The Biotechnology Industry Organization (BIO) has taken issue with a recent 60 Minutes piece about the high price of new oncology drugs.
The BIO response was It is unfortunate that CBS has chosen to attack the price of specialty cancer medications while ignoring the value created by these drugs for patients and the health care system. Cancer patients today are able to live longer and enjoy a higher quality of life than ever before thanks to medicines made by biopharmaceutical research companies."
But is this true?
ACSH s Dr. Josh Bloom, whose 2013 op-ed in the New York Post discussed expensive, marginally useful cancer drugs, says that this issue is more complex than either side claims: Yes, there are clearly cases where high priced cancer drugs provide minimal benefit. And there are cases where they are useful. But it is important to keep in mind that these drugs are often designed for cancers with the worst prognosis, and that most of them operate by new mechanisms, both of which makes this a much harder problem.
From his 2013 op-ed: For example, when Sanofi s Zaltrap (which originally cost $130,000 per year, but is now discounted to about half that) plus standard chemotherapy was given to patients with metastatic colon cancer they lived an average of 13.5 months. Those getting chemotherapy alone lived 12 months.
And: Likewise, Pfizer s Inlyta, which was approved to treat advanced kidney cancer, provides patients with 6.7 months of progression-free survival time, as opposed to 4.7 months for those on conventional chemotherapy.
And there are more. Nine new oncology drugs were approved in 2013, and some of them would seem to be less than great:
- Gilotrif, Boehringer Ingelheim s therapy for metastatic lung cancer had a delay in tumor growth (progression-free survival) that was 4.2 months later than those receiving chemotherapy. There was no statistically significant difference in overall survival. (FDA press release). The drug costs $66,000 per year rather modest for new oncology drugs,
- Xofigo, Bayer s drug for advanced prostate cancer looks even worse: [Those who took the drug] lived a median of 14 months compared to a median of 11.2 months for men receiving placebo. Cost: $69,000 for six injections.

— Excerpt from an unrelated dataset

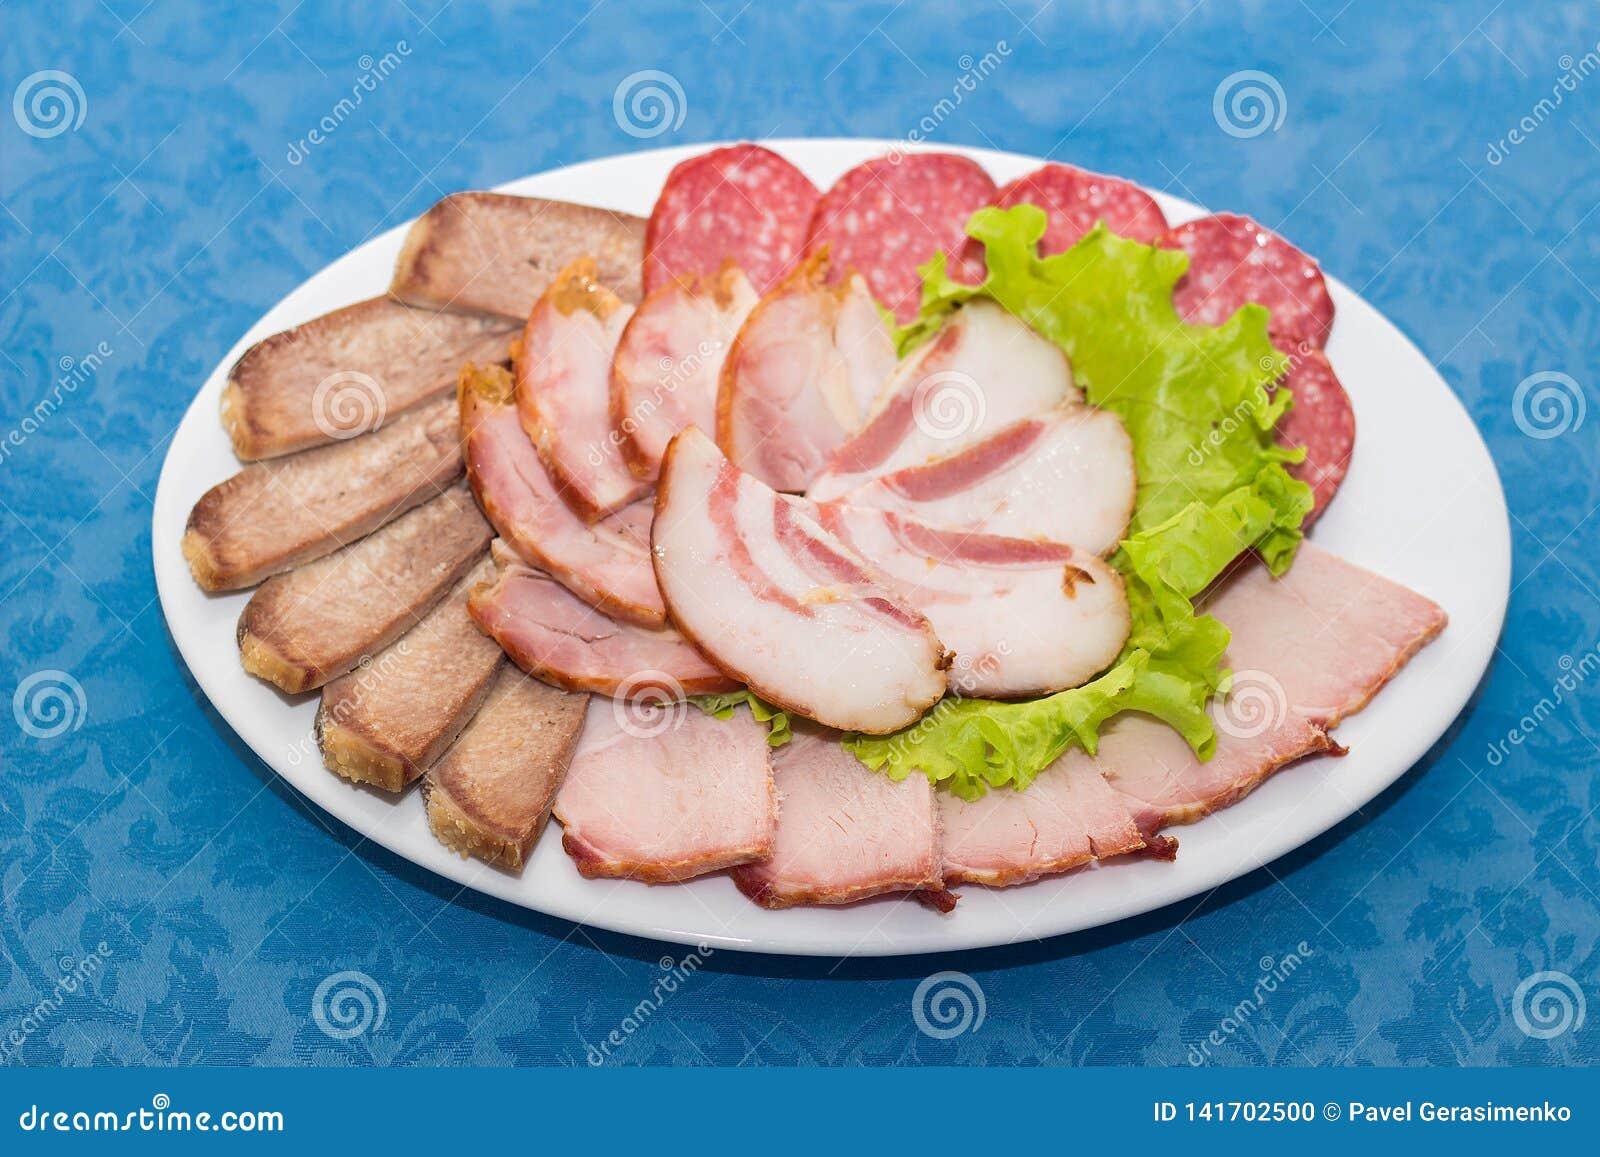 Mezcla de carne, de salchicha y de jamón cortados
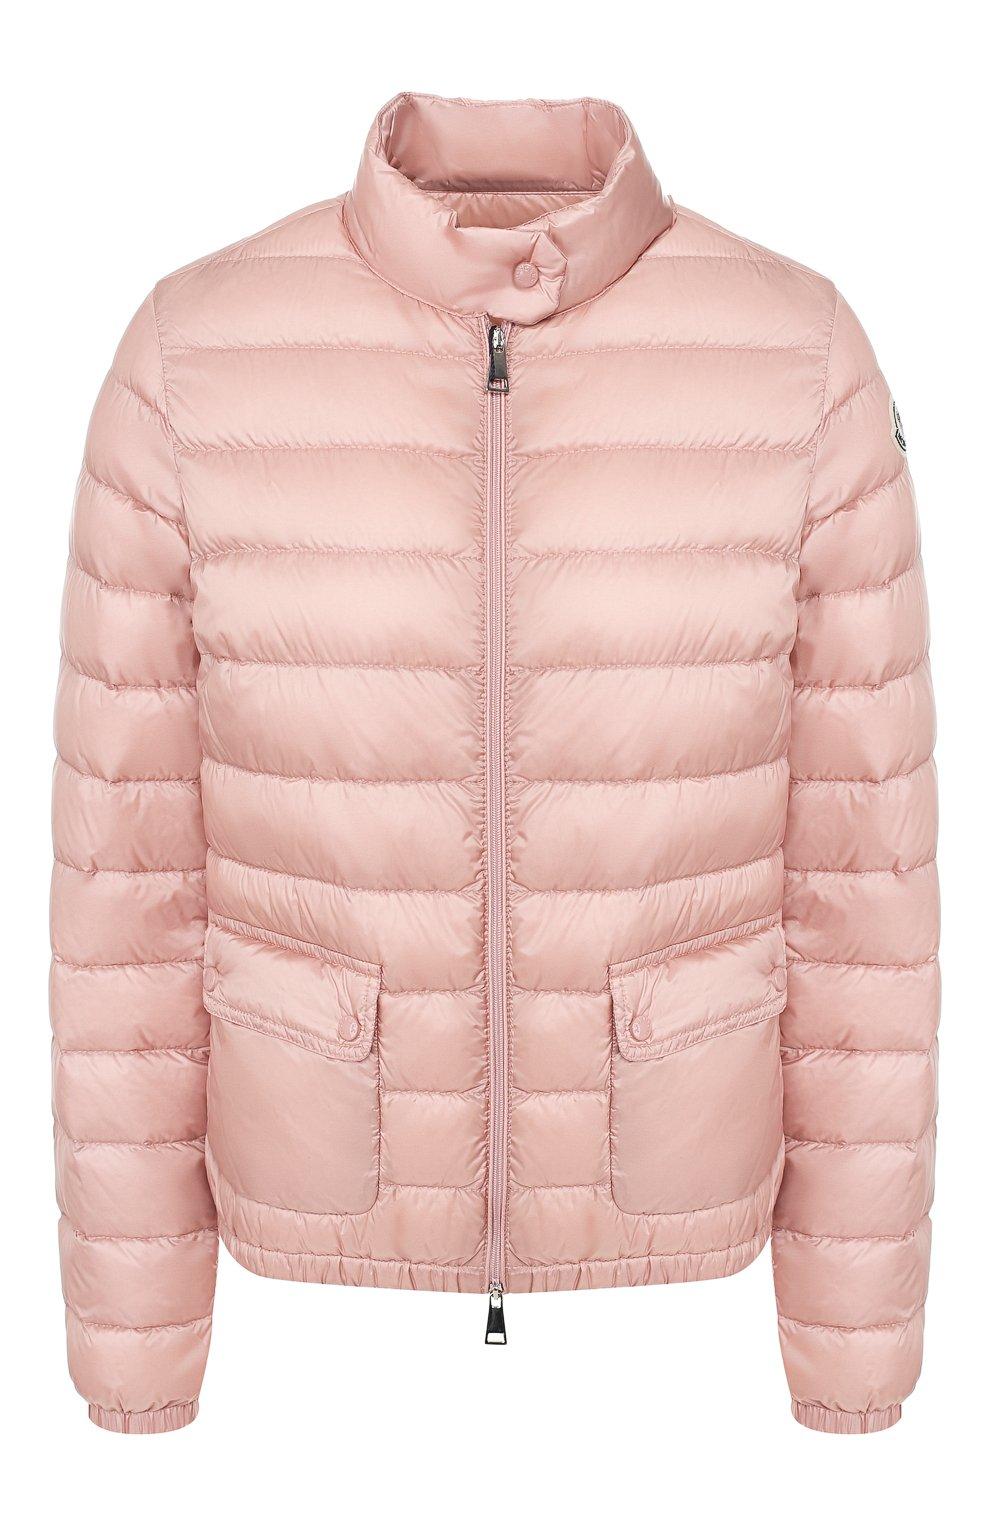 Женский пуховая куртка lans MONCLER розового цвета, арт. F1-093-1A101-00-53048 | Фото 1 (Кросс-КТ: Куртка, Пуховик; Рукава: Длинные; Женское Кросс-КТ: Пуховик-куртка; Материал внешний: Синтетический материал; Материал подклада: Синтетический материал; Длина (верхняя одежда): Короткие; Материал утеплителя: Пух и перо)

- Kadcyla (genentech) Women with a certain type of breast cancer who took [the drug] had a median progression-free survival of 9.6 months compared to 6.4 months in patients treated with lapatinib plus capecitabine [another regimen].Cost: $94,000 for a 9.6 month course.
Dr. Bloom comments, It is hard to argue that any of these drugs are worth taking at all, let alone for a high price. Although there will be individuals who will benefit more than average, these data are far from impressive.
On the other hand, some work better than others. According to the FDA, Participants receiving Gazyva in combination with chlorambucil demonstrated a significant improvement in progression free survival: an average of 23 months compared with 11.1 months with chlorambucil alone. Cost: About $40,000 for a six-month course.
There is another component to this story that is not well known the difficulty in discovering drugs that do even this well.
Uber-blogger Derek Lowe, himself an oncology researcher, said last year, We try all these mechanisms that look, biologically, like they might really work. It s just that cancers are too heterogeneous and unstable they mutate their way around a lot of our good ideas, and the cells that remain roar back in an untreatable form.
In other words, this is a very difficult problem. If companies could advance more effective drugs they would be doing so.
So, who is right?
Dr. Bloom says, Gilead s Sovaldi, at $84,000 for one course, cures most cases of hepatitis C. This is a revolutionary treatment. Gilead has taken a lot of heat for the price, but it is defensible because of its immense benefit. I consider it to be appropriately expensive. For these marginally useful new cancer drugs, not so much.